Because the Camp exists not in our world, but in Second Life, the group that came to the aid of the refugees looks like this:
Seriously:
And that’s why Camp Darfur is now under the vigilant eye of the Green Lantern Core, a band of superheroes who patrol Second Life with masks, tights, and magic lamps.
So I suppose I do understand Second Life. The allure of agency is difficult to ignore. What can we do about Darfur? Volunteer time. Donate money. What can they do about virtual Darfur? Defend it with alien technology. Why be Jon Stewart when you could be John Stewart?
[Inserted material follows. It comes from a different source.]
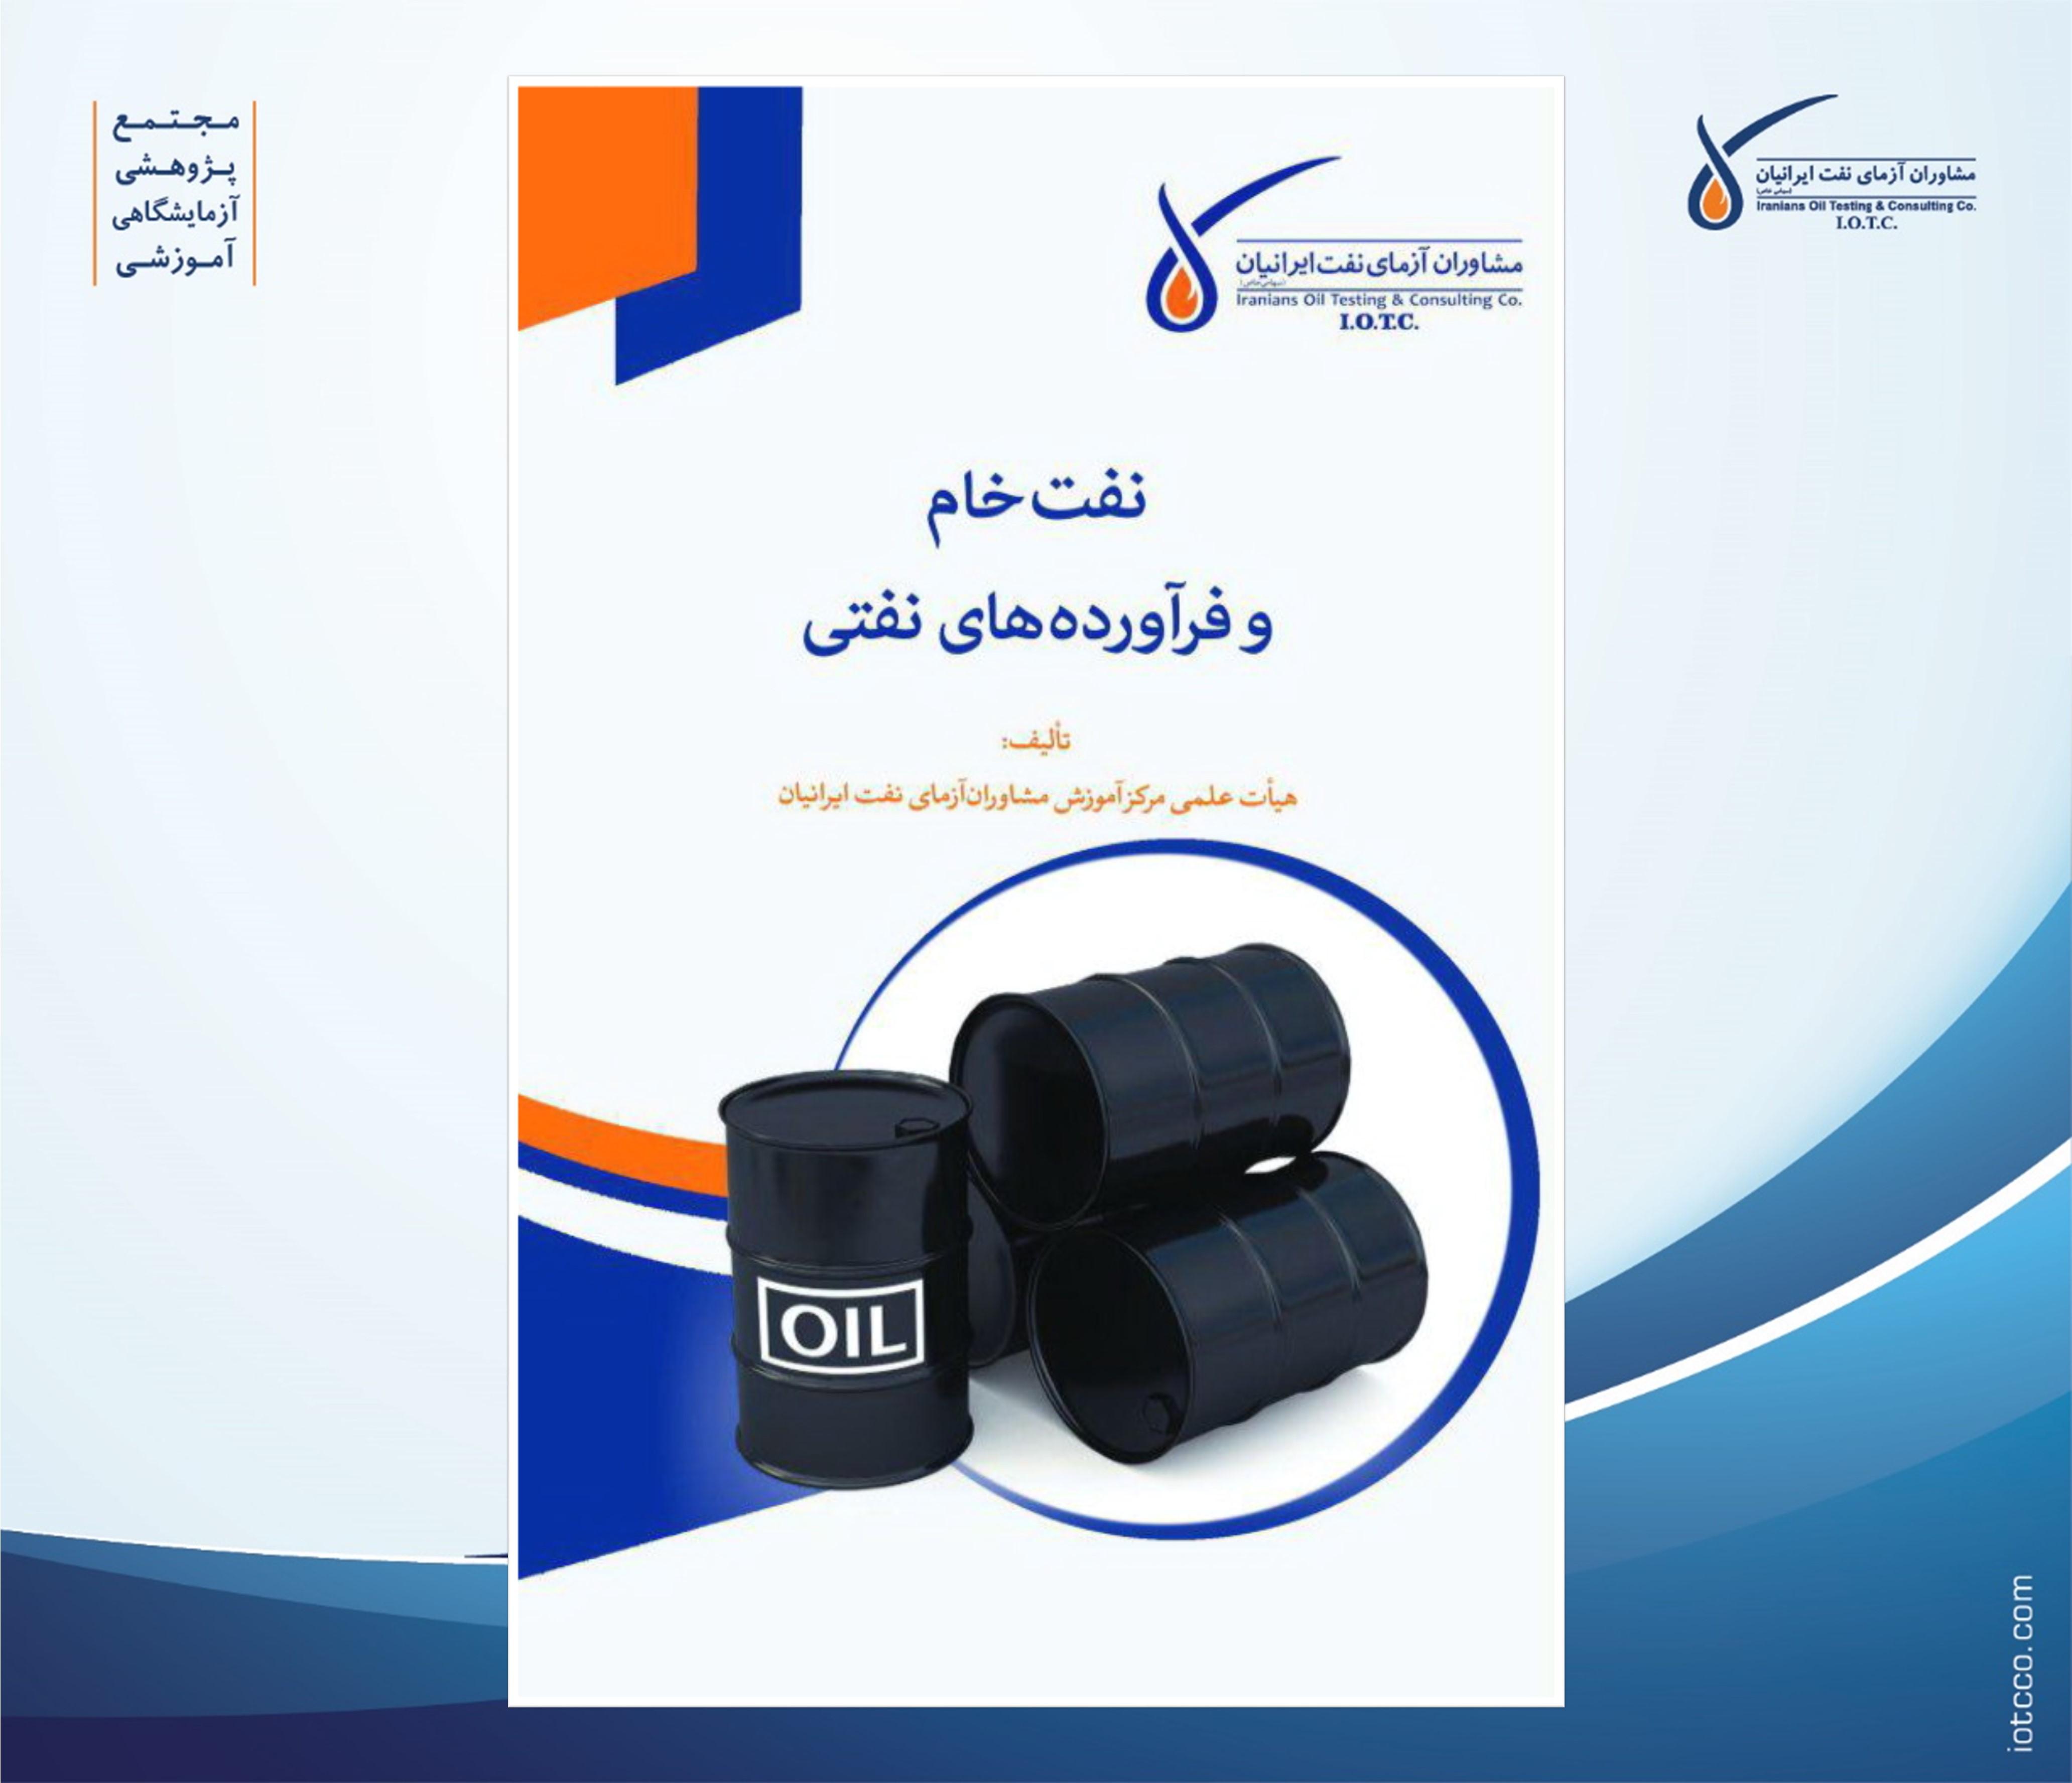 نفت خام و فرآورده های نفتی

The unintended consequence of unleashing the Green Lantern Core in Second Life is how revealing it is of a particular kind of political agency. The power rings from which the members of the Core draw their strength are fueled by willpower. The more the wearer possesses, the greater the power of the ring. If he wishes really hard, he might just be able to change the world.
If I do, reports of a blue and red blur delivering food in Myanmar will surface on the evening news. But I wouldn't hold my breath.
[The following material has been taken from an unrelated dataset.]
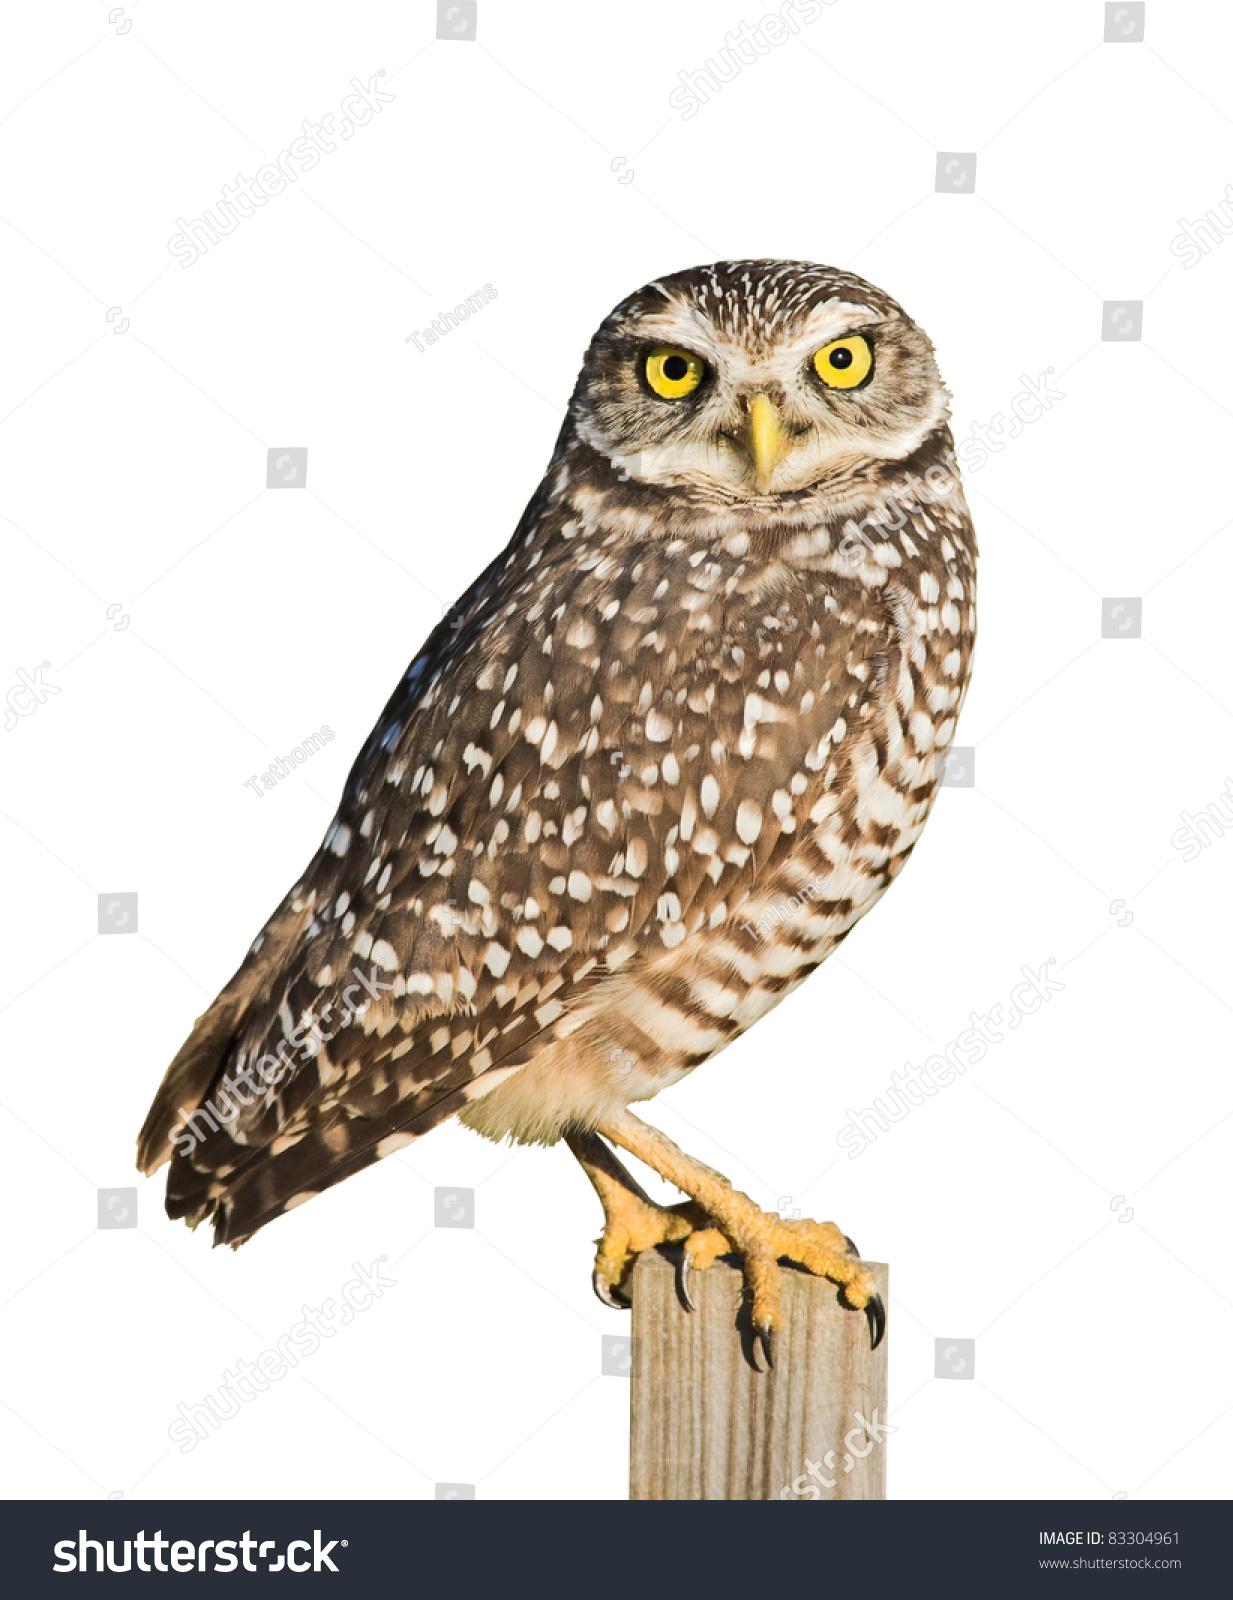 Burrowing Owl isolated on white.Latin name - Athene cunicularia.

In Second Life do the Green Lanterns actually have Ring powers? If so, this is an aspect of SL they really should be advertising more heavily.
Posted by: Ahistoricality | Saturday, 17 May 2008 at 03:22 PM
The rings do have a wide variety of functions, rather like the Star Wars role-players and their sets of Force Powers. But who would do the advertising? Nobody really advertises SL.
Posted by: Tateru Nino | Saturday, 17 May 2008 at 08:22 PM
Weird, I didn't know about this aspect of it. Then again, I know nothing about Second Life other than what I have seen filtered by Law and Order and CSI: NY, when things _go bad_ and virtual world beefs go to the real world or some stalking thing or whatever. I also read this article about people emotionally cheating on their real life spouses with online avatars.
So actually, this is nice to hear, even if it is still way deluded. But so is most idealism and political activism, without which things wouldn't change.
Posted by: Belle Lettre | Sunday, 18 May 2008 at 01:27 AM
Did you see the article in bitch magazine? It was called "Same Shit, Different Life." The article was saying to so much of the bigotry we associate with real life is amplified in second life. It was pretty disturbing stuff.